The pressure medium returned from the master servomotor 4, 5 in the propeller hub is led through the bore 9 in the shaft 1 (see also FIG. 1) on the outside of the valve rod 8 to the space 29 in the oil distribution box 11, from which space the pressure medium is led to the tank of the hydraulic system, this tank not being shown in FIG. 2. The space 29 in the oil-distribution box is sealed against the outer cylindrical surface of the shaft 1 by means of low pressure seals which are not likely to become faulty and which may also be allowed to leak without jeopardizing the function of the actuating system.

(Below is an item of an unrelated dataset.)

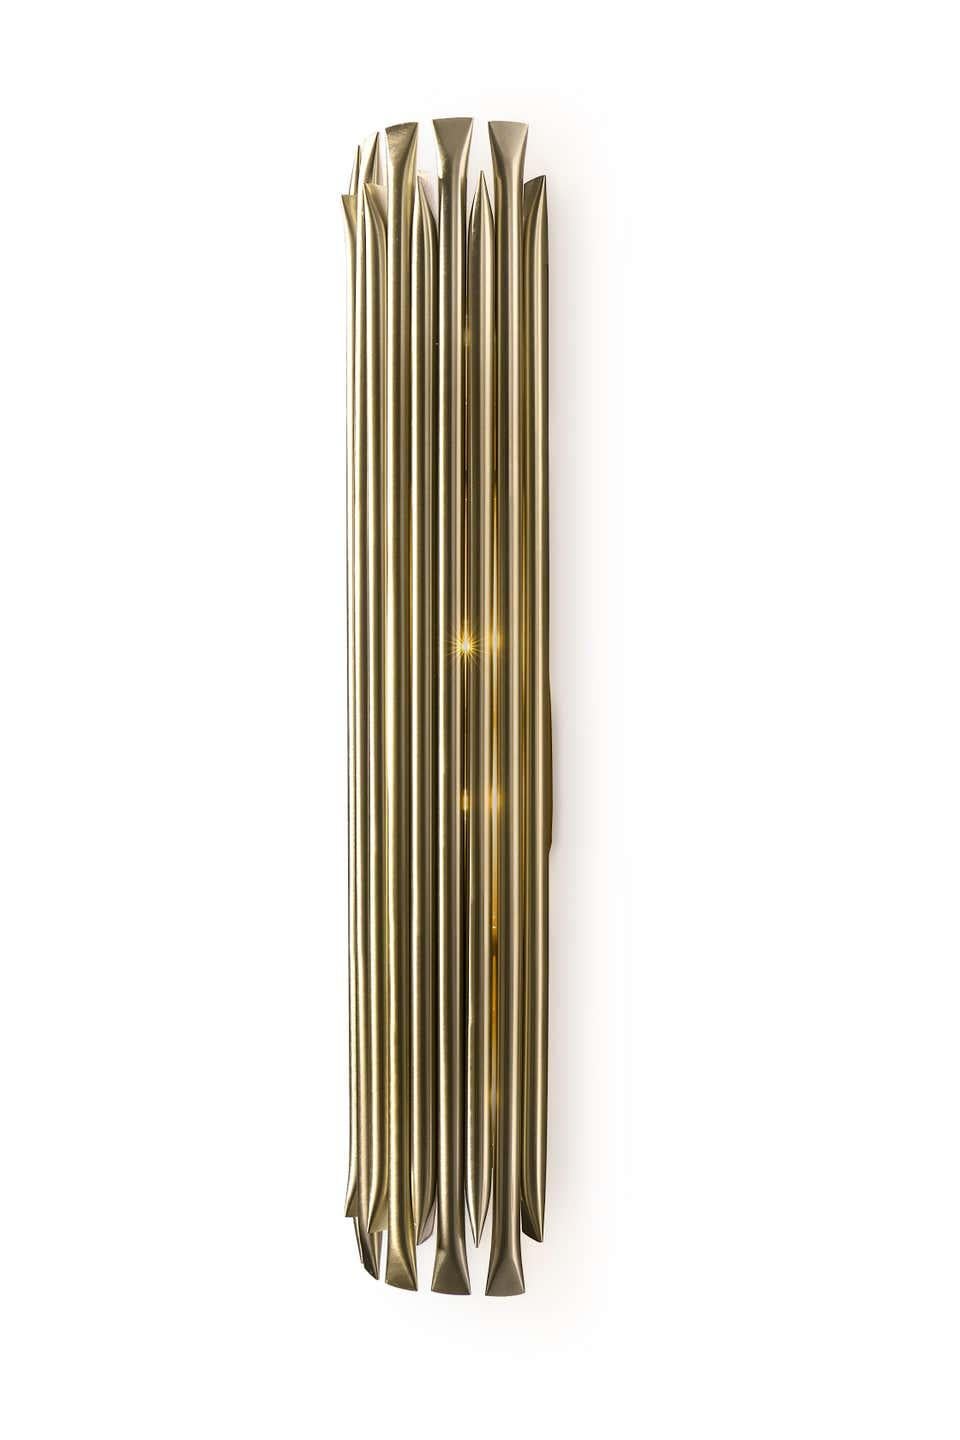 Large Wall Light in Brass with Brushed Nickel Finish In New Condition For Sale In Saint-Ouen, FR

FIG. 3 illustrates a simplified hydraulic circuit for the actuating system, FIG. 3 illustrates the pitch-setting master servomotor comprising the cylinder 4 and the piston 5 arranged in the propeller hub, and also the valve slide 7 arranged in the piston rod 6 of the piston 5, said valve slide being shown together with its valve rod 8 extending through the shaft 1 and incorporating an internal channel 10 through which pressure medium is delivered to the servomotor 4, 5. The pressure medium is recycled from the servomotor 4,5 through the channel 9 (see FIGS. 1 and 2) to the tank 30 of the hydraulic system. Also illustrated schematically in FIG. 3 is the auxiliary servomotor 12,13 for actuating the valve slide 7 via the valve rod 8, and also the oil distribution box 11 together with its two pressure-medium chambers 15, 16 for supply of pressure medium to the channel 10 in the valve rod 8. As mentioned in the foregoing discussion, displacement of the valve slide 7, and therewith actuation of the master servomotor, 4, 5, is effected with the aid of the auxiliary servomotor 12, 13. As illustrated by way of example in FIG. 3, the auxiliary servomotor 12, 13 can be actuated by means of a control valve 31, which in the illustrated embodiment is electrically operated by means of a lever provided in a control console 32 arranged on the bridge of the vessel. The hydraulic system also incorporates two alternative pressure-medium sources generally designated 33 and 34, respectively. The pressure-medium source used on any particular occasion can be connected with either the pressure-medium chamber 15 or the pressure-medium chamber 16 in the oil distribution box 11, by means of a switchable valve arrangement 35 or in some other suitable way. Thus, the system includes an ordinary pressure-medium source, for example the pressure-medium source 33, and also a pressure-medium source 34 which can be used as a reserve source should the ordinary pressure-medium source 33 become faulty.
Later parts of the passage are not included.